-------- Given data
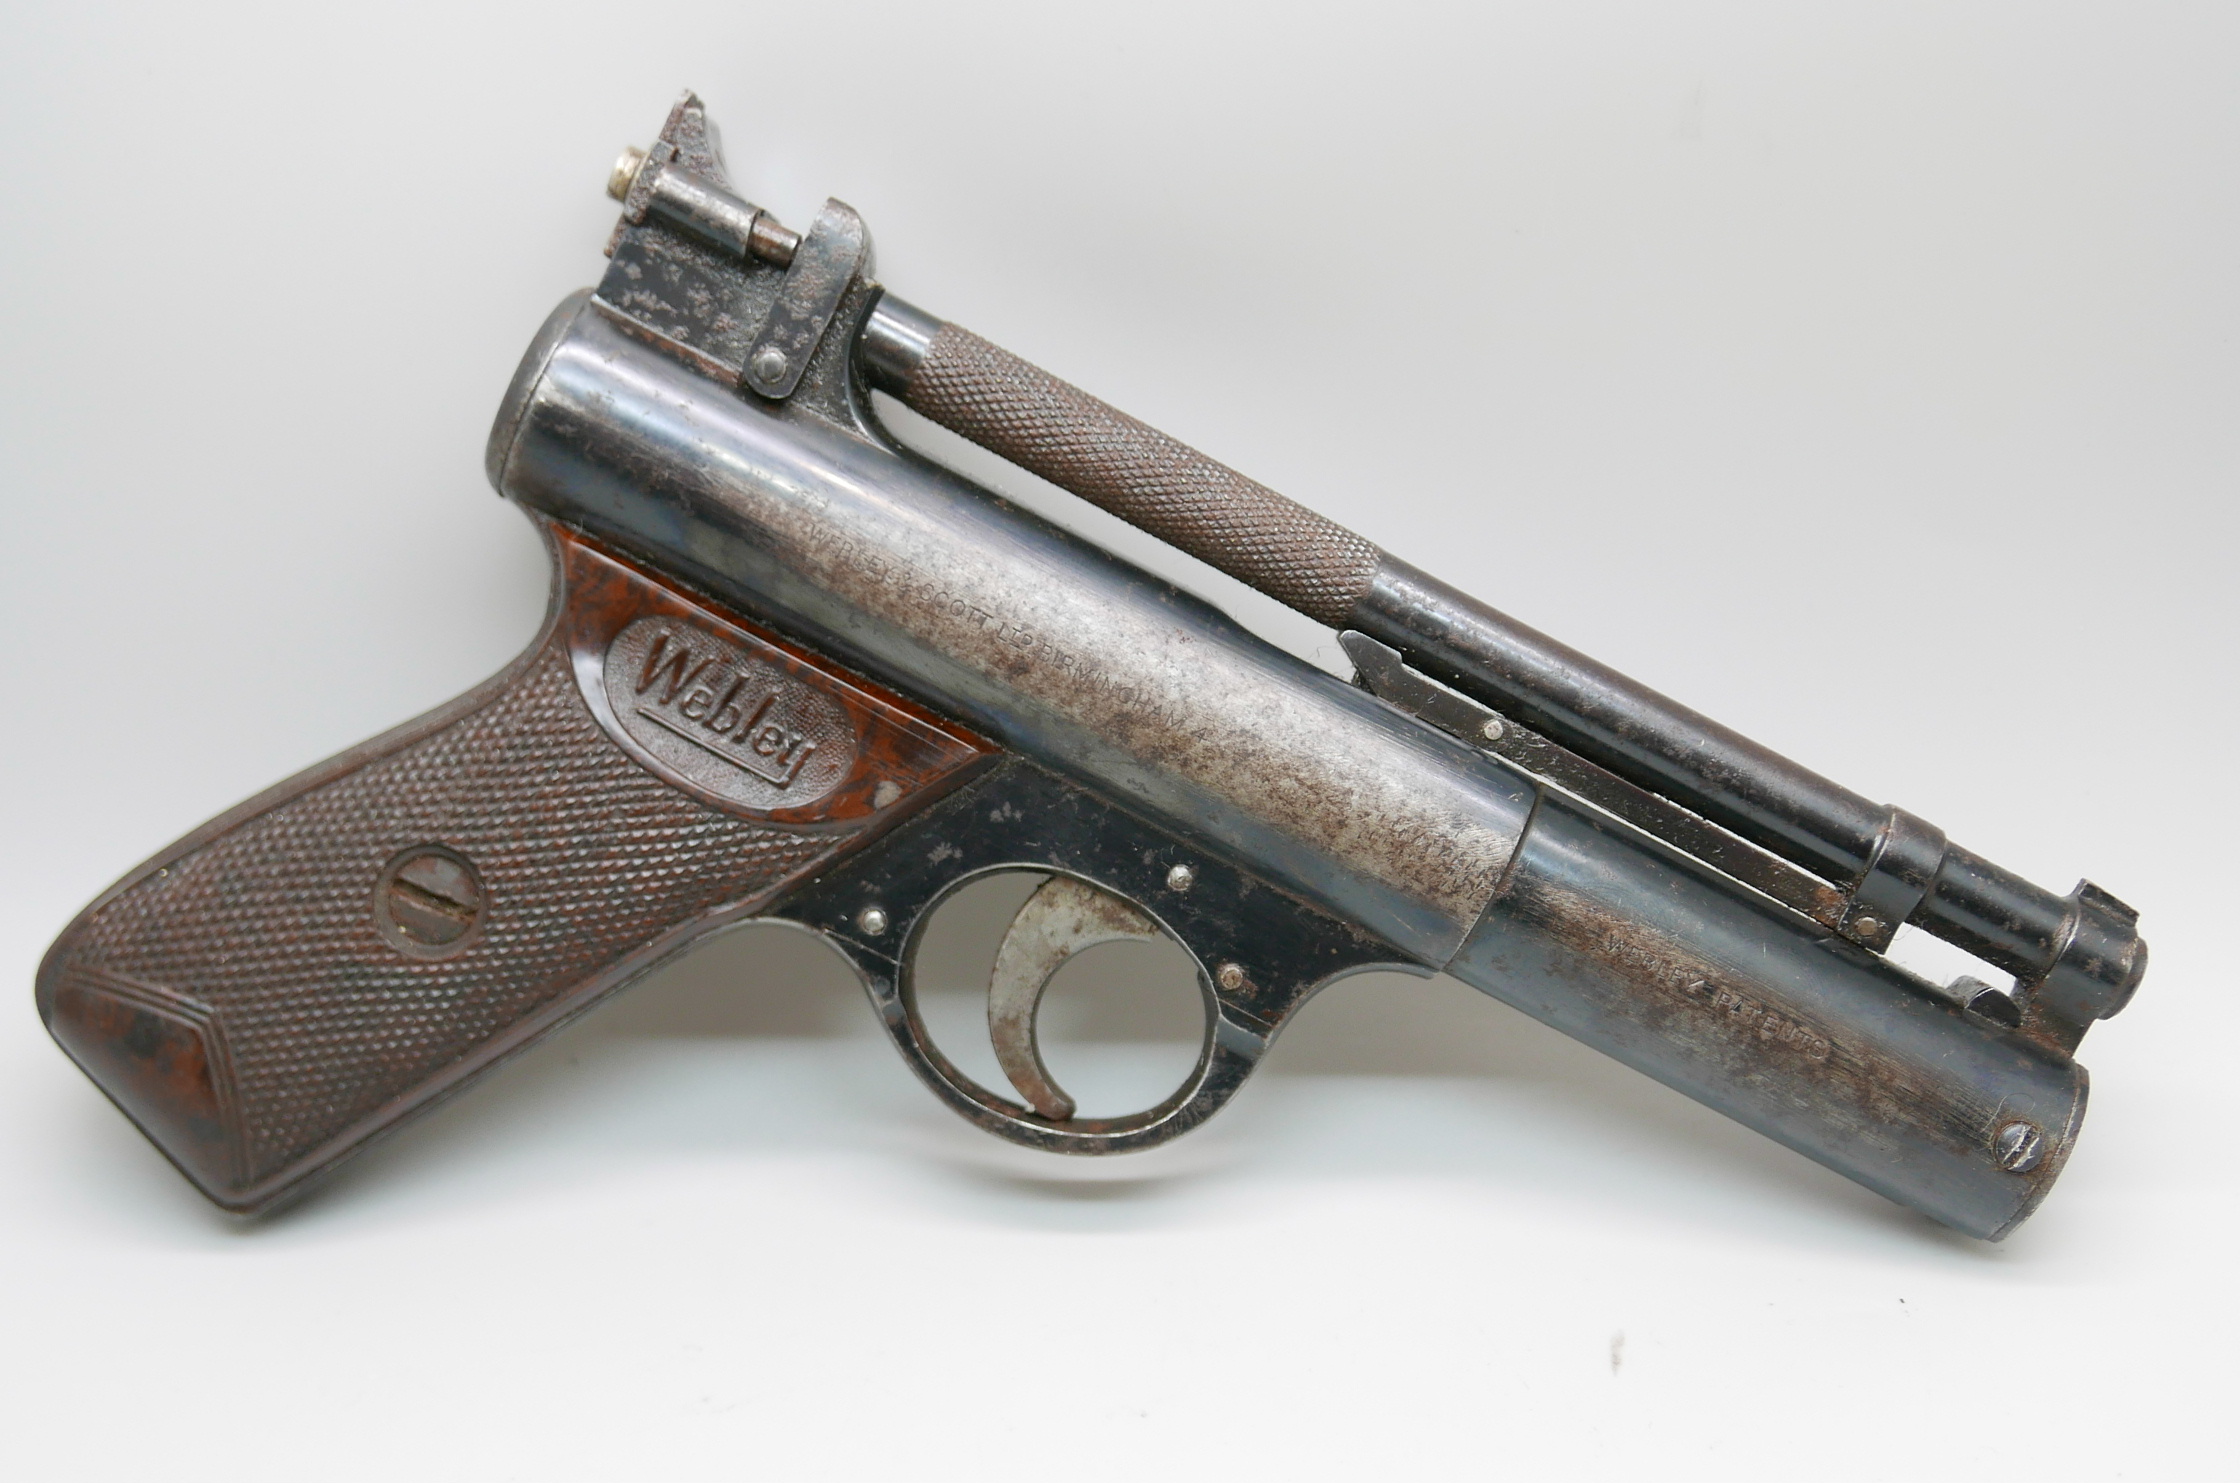 A 'The Webley' Senior pellet gun, made in England - Image 3 of 3
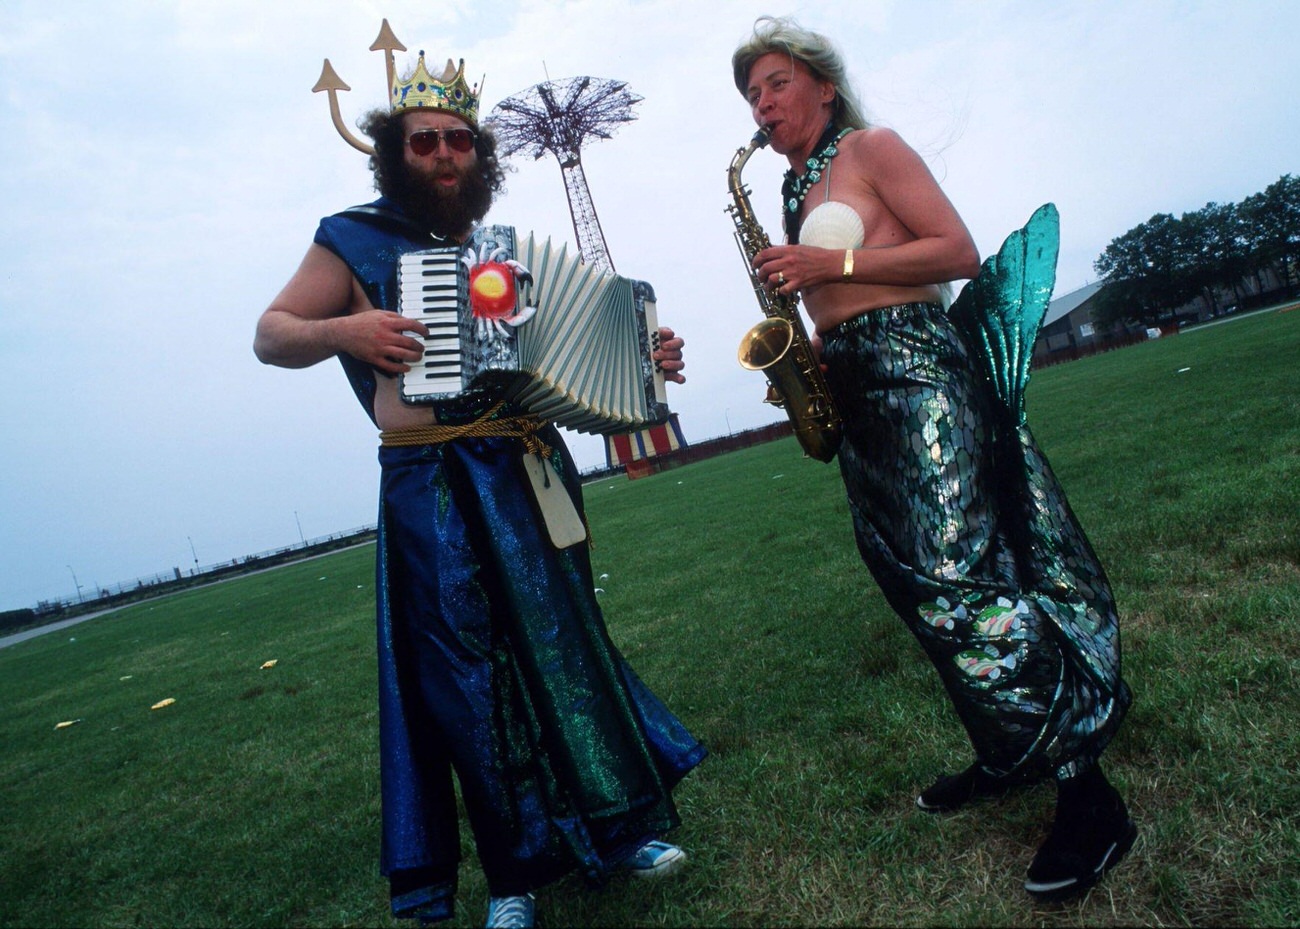 Mermaid And Merman Play Musical Instruments At Mermaid Parade, 1996
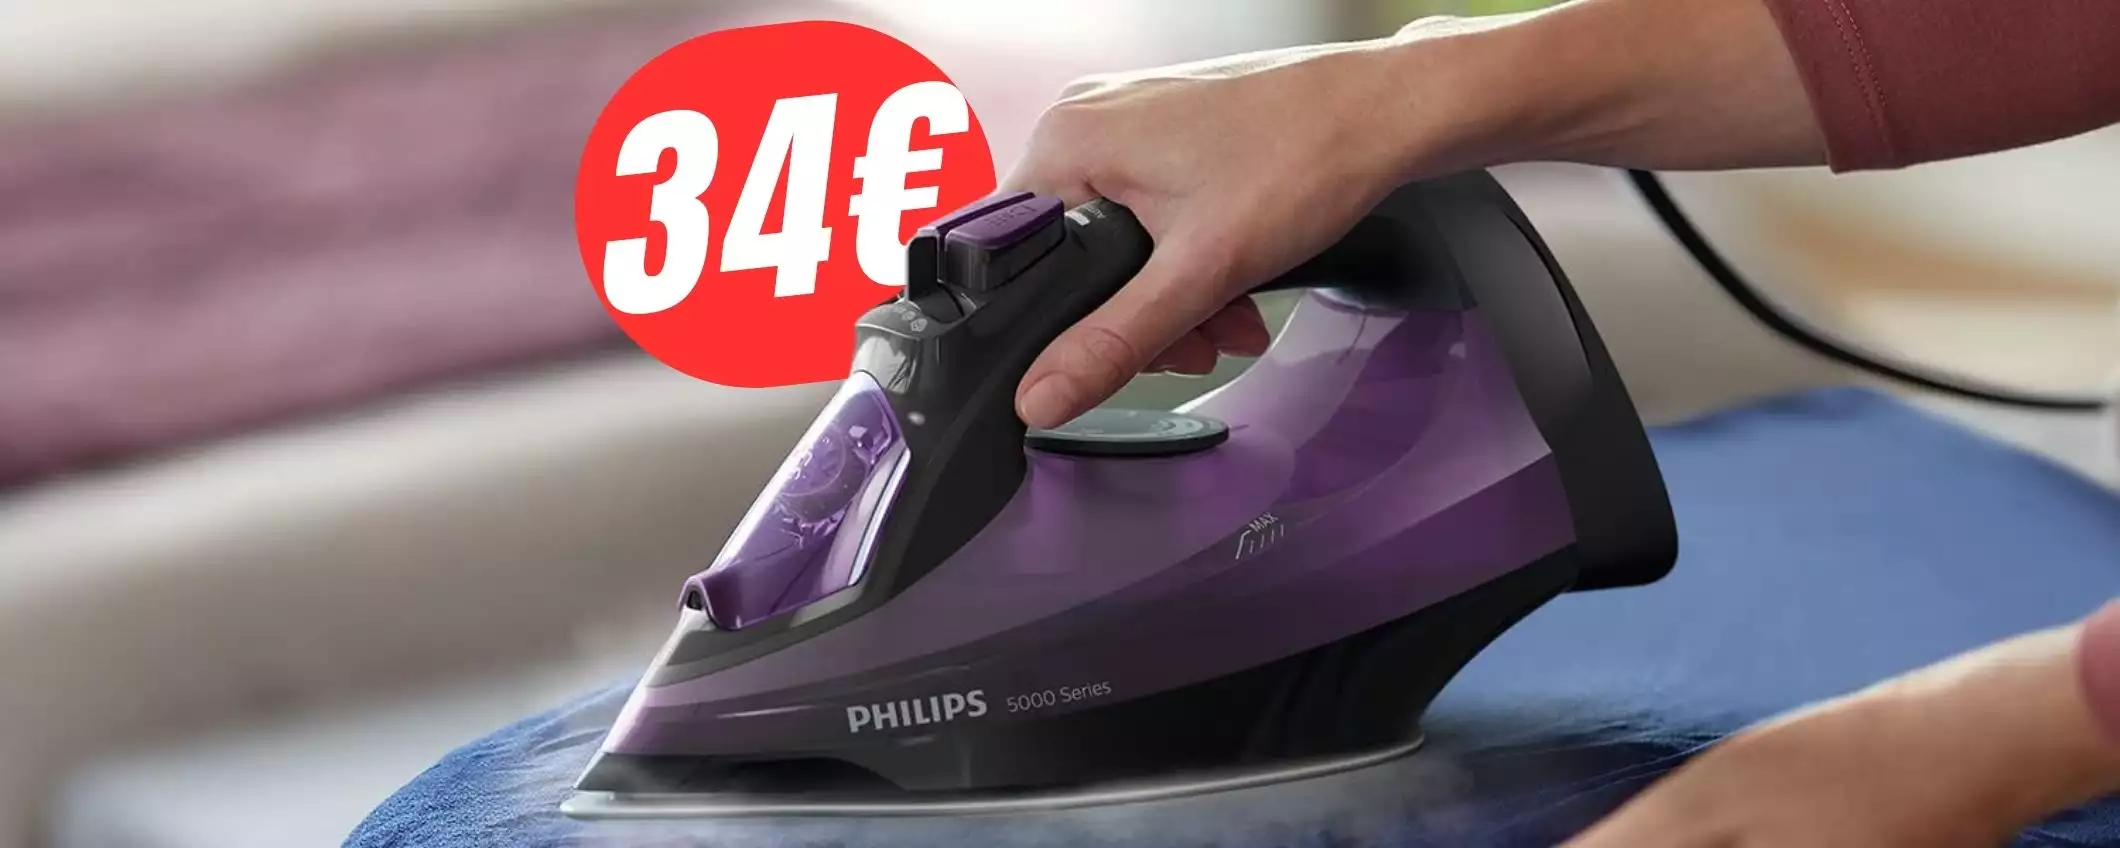 FERRO da STIRO Philips a -30€ su Amazon: ha una potenza di 2400W!
----------------
◆ **Aim of the task**:
Return exactly the lines that begin with the one containing "Mermaid And Merman" and end with the final line of the data above; include no pictures.

◆ **Your response**:
 Mermaid And Merman Play Musical Instruments At Mermaid Parade, 1996
 FERRO da STIRO Philips a -30€ su Amazon: ha una potenza di 2400W!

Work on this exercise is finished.